A How many geometric isomers of the complex ion \(\left[\mathrm{Cr}(\mathrm{dmen})_{3}\right]^{3+}\) can exist? (dmen is the bidentate ligand 1,1 -dimethylethylenediamine.)

Short Answer

Expert verified
There are 2 geometric isomers (\(\Delta\) and \(\Lambda\)).

Step by step solution

01

Understand the Composition

The complex ion \([\mathrm{Cr}(\mathrm{dmen})_{3}]^{3+}\) contains chromium (Cr) as the central metal ion and three bidentate ligands: dmen (1,1-dimethylethylenediamine). Each dmen ligand coordinates to the chromium through two donor atoms.
02

Recognize the Coordination Geometry

The coordination number for the chromium ion is 6, as each dmen ligand donates two pairs of electrons. This suggests an octahedral geometry for the complex ion.
03

Determine Possible Geometric Isomers

In an octahedral complex with three bidentate ligands, the ligands can arrange such that they form geometric isomers.
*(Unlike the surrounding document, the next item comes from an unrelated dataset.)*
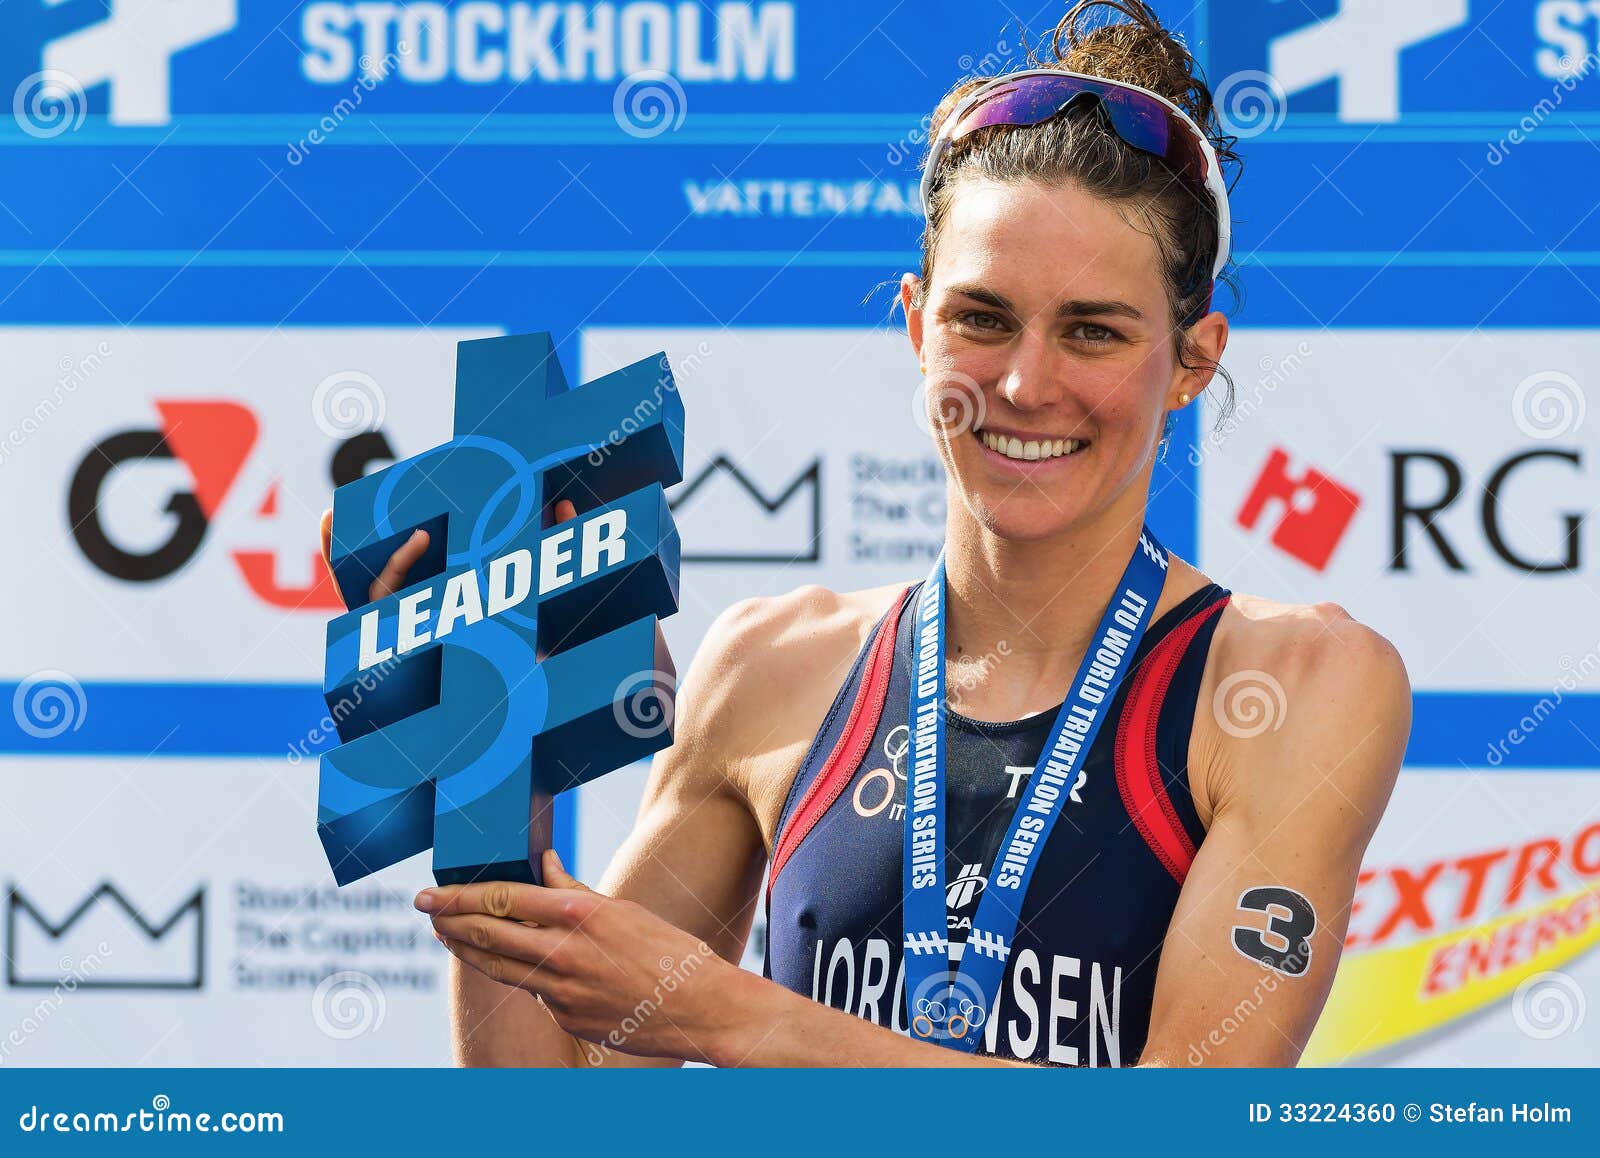 stockholm aug overall leader gwen jorgensen wo womens itu world triathlon series event sweden 33224360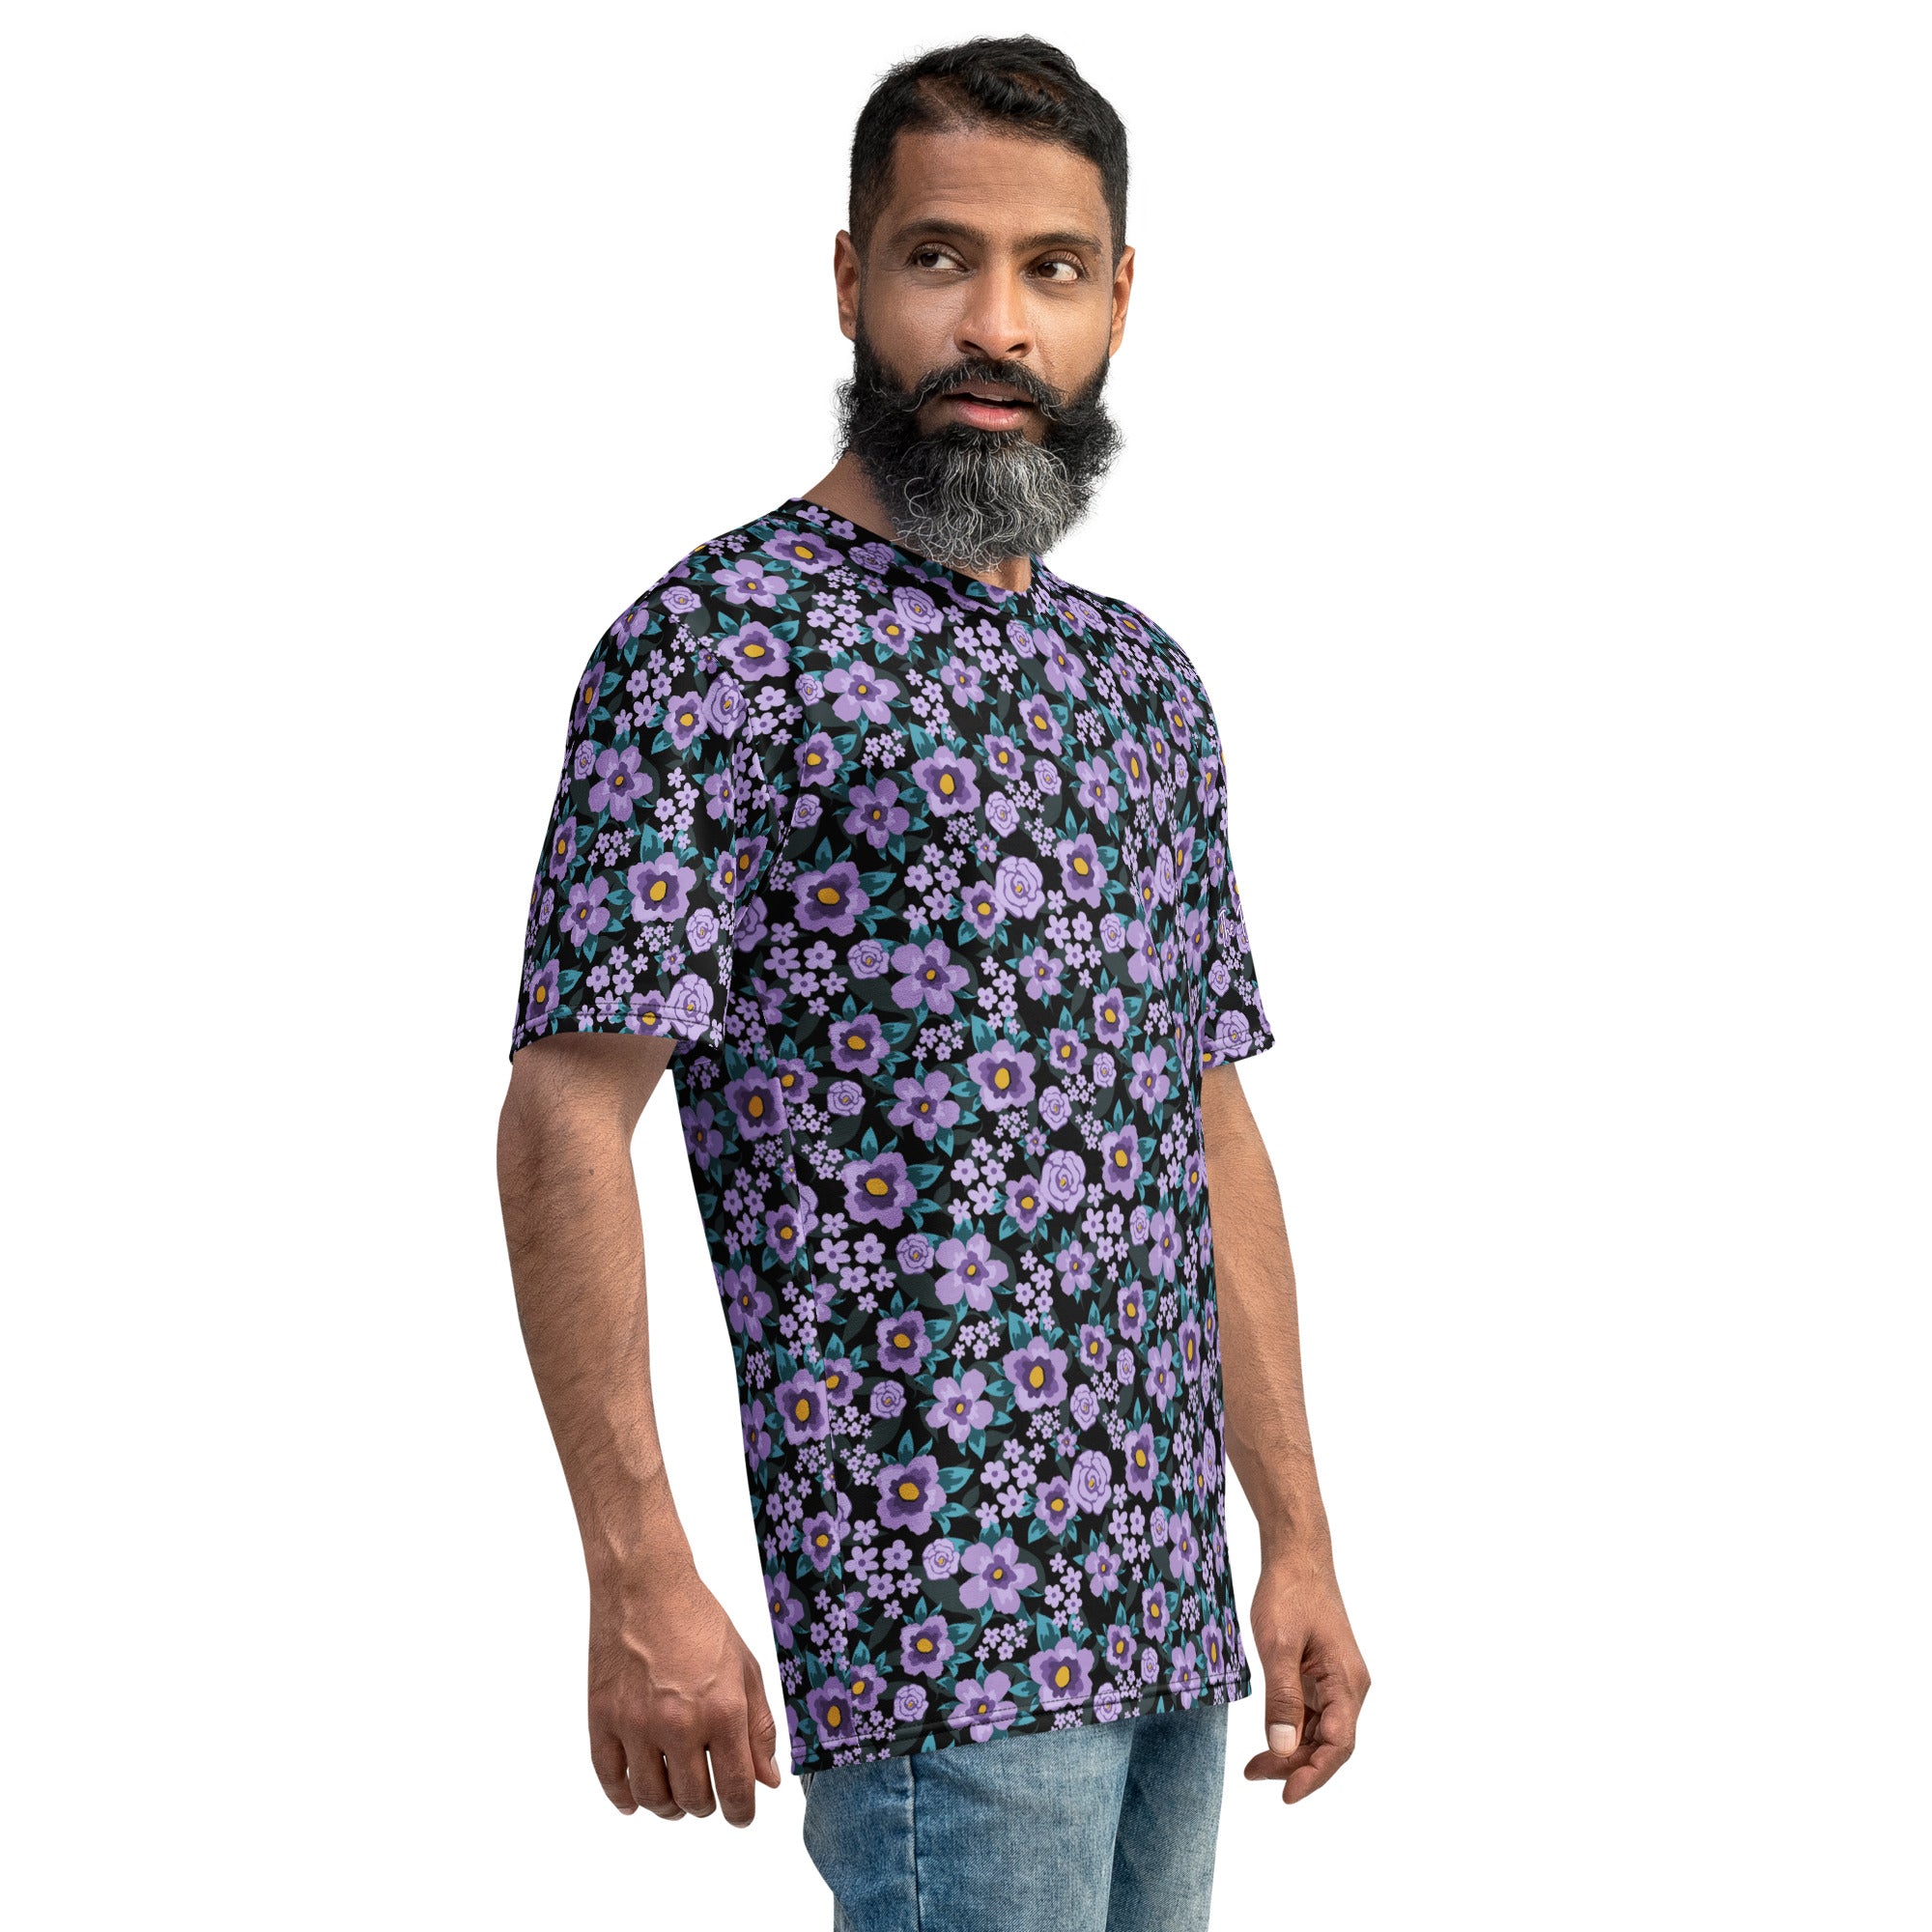 TBP Purple Floral Unisex T-shirt

For this specific structure, we can have \(\Delta\) (right-handed) and \(\Lambda\) (left-handed) optical isomers, leading to two geometric isomers.
04

Double-Check for Other Symmetries

Given the symmetry and identical nature of the three ligands, no additional geometric isomers exist beyond the enantiomers (\(\Delta\) and \(\Lambda\)). Thus, only the two optical isomers are present.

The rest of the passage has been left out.